"The Adventure of the Engineer's Thumb", one of the 56 short Sherlock Holmes stories written by Sir Arthur Conan Doyle, is the ninth of the twelve stories collected in The Adventures of Sherlock Holmes. The story was first published in The Strand Magazine in March 1892. Within the narrative of the story, Dr. Watson notes that this is one of only two cases which he personally brought to the attention of Sherlock Holmes.

Synopsis
The story, set in the summer of 1889, mainly consists of a young London consultant hydraulic engineer, Mr. Victor Hatherley, recounting strange happenings of the night before, first to Dr. Watson.

Hatherley had been visited in his office by a man who identified himself as Colonel Lysander Stark.
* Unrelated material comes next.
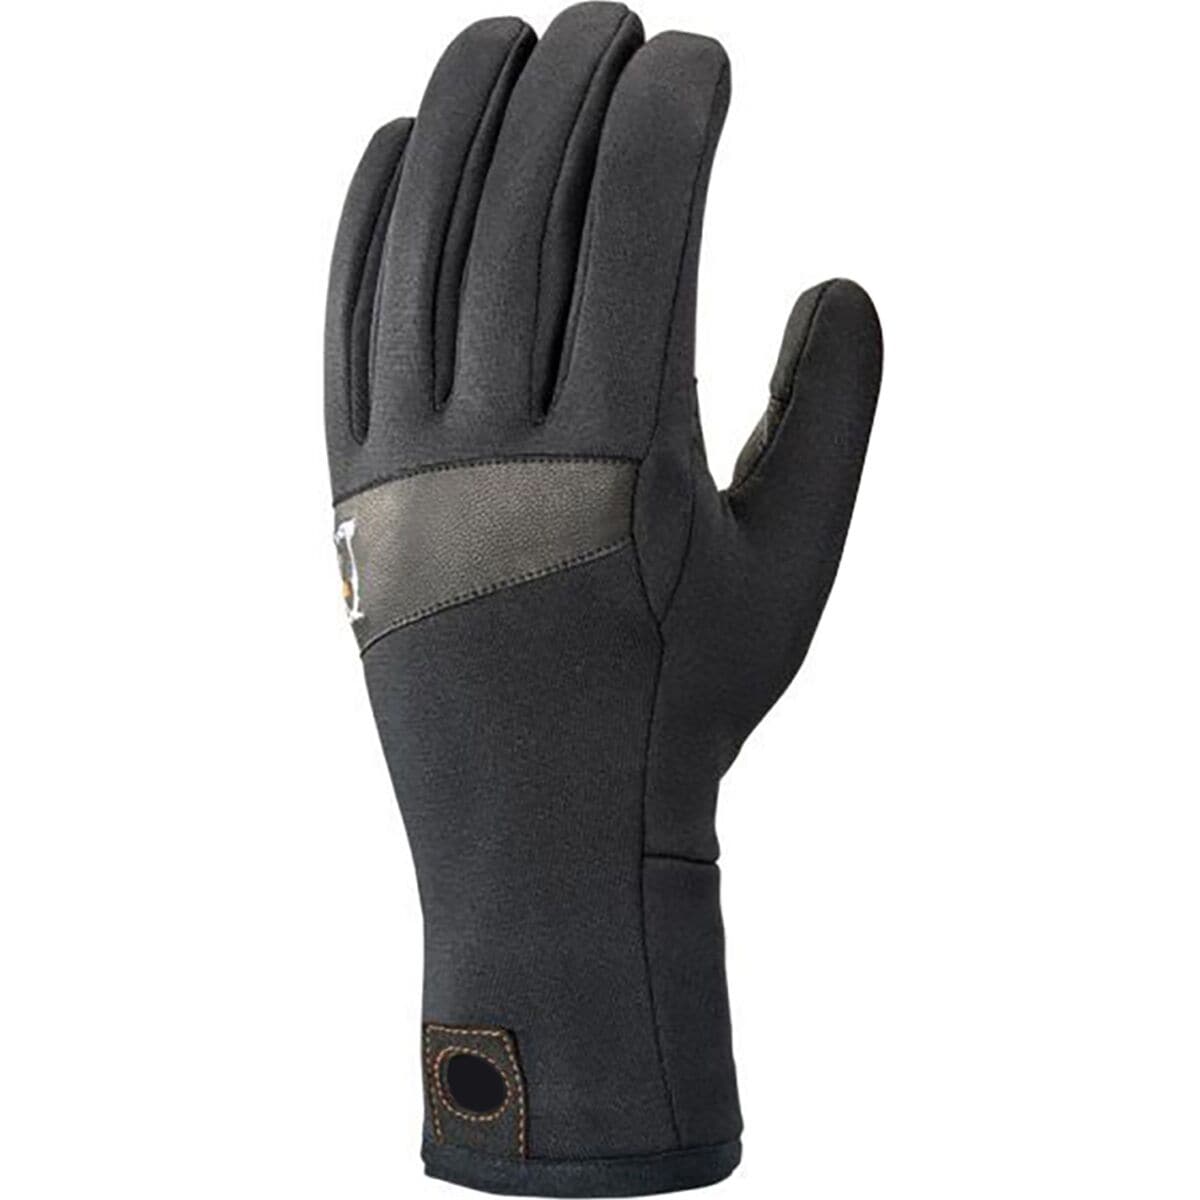 Aniiu Glove Liner - 200G Tuxedo Black

He offered Hatherley a commission at a country house, in Eyford, Berkshire to examine a hydraulic press used, as Stark explains, to compress fuller's earth into bricks. Stark warned Hatherley to keep the job confidential, offering him 50 guineas (£, ). Hatherley felt compelled to take this work, despite his misgivings, as his business was newly established and he had very little work.

Upon arriving late at night at the appointed train station, Hatherley is met by Colonel Stark and is driven a considerable distance in a carriage with frosted glass windows to the house where he is to examine the machine. (A minor detail is that the house was actually quite near the station; Holmes realizes that the carriage drove "six [miles] out and six back" to disguise the house's location from Hatherley.) Hatherley is still under the spell of the 50 guineas and does not become afraid even when a woman at the house warns him to flee. He is presently shown the press and makes his recommendations as to needed repairs. Then, he rashly decides to inspect the press more closely. His discovery that its floor is covered by a "crust of metallic deposit" confirms his suspicion that the machine is not used for pressing fuller's earth. When he rashly confronts Stark with the knowledge, Stark tries to kill him. He narrowly escapes getting crushed to death when Stark turns the machine on, but he escapes the press with the aid of the woman. Pursued by the murderous Stark, Hatherley is forced to jump from a second-story window, in the process getting his thumb severed by Stark's cleaver. Hatherley survives the fall but passes out in the rose-bushes, coming to hours later by a hedge near the rail station.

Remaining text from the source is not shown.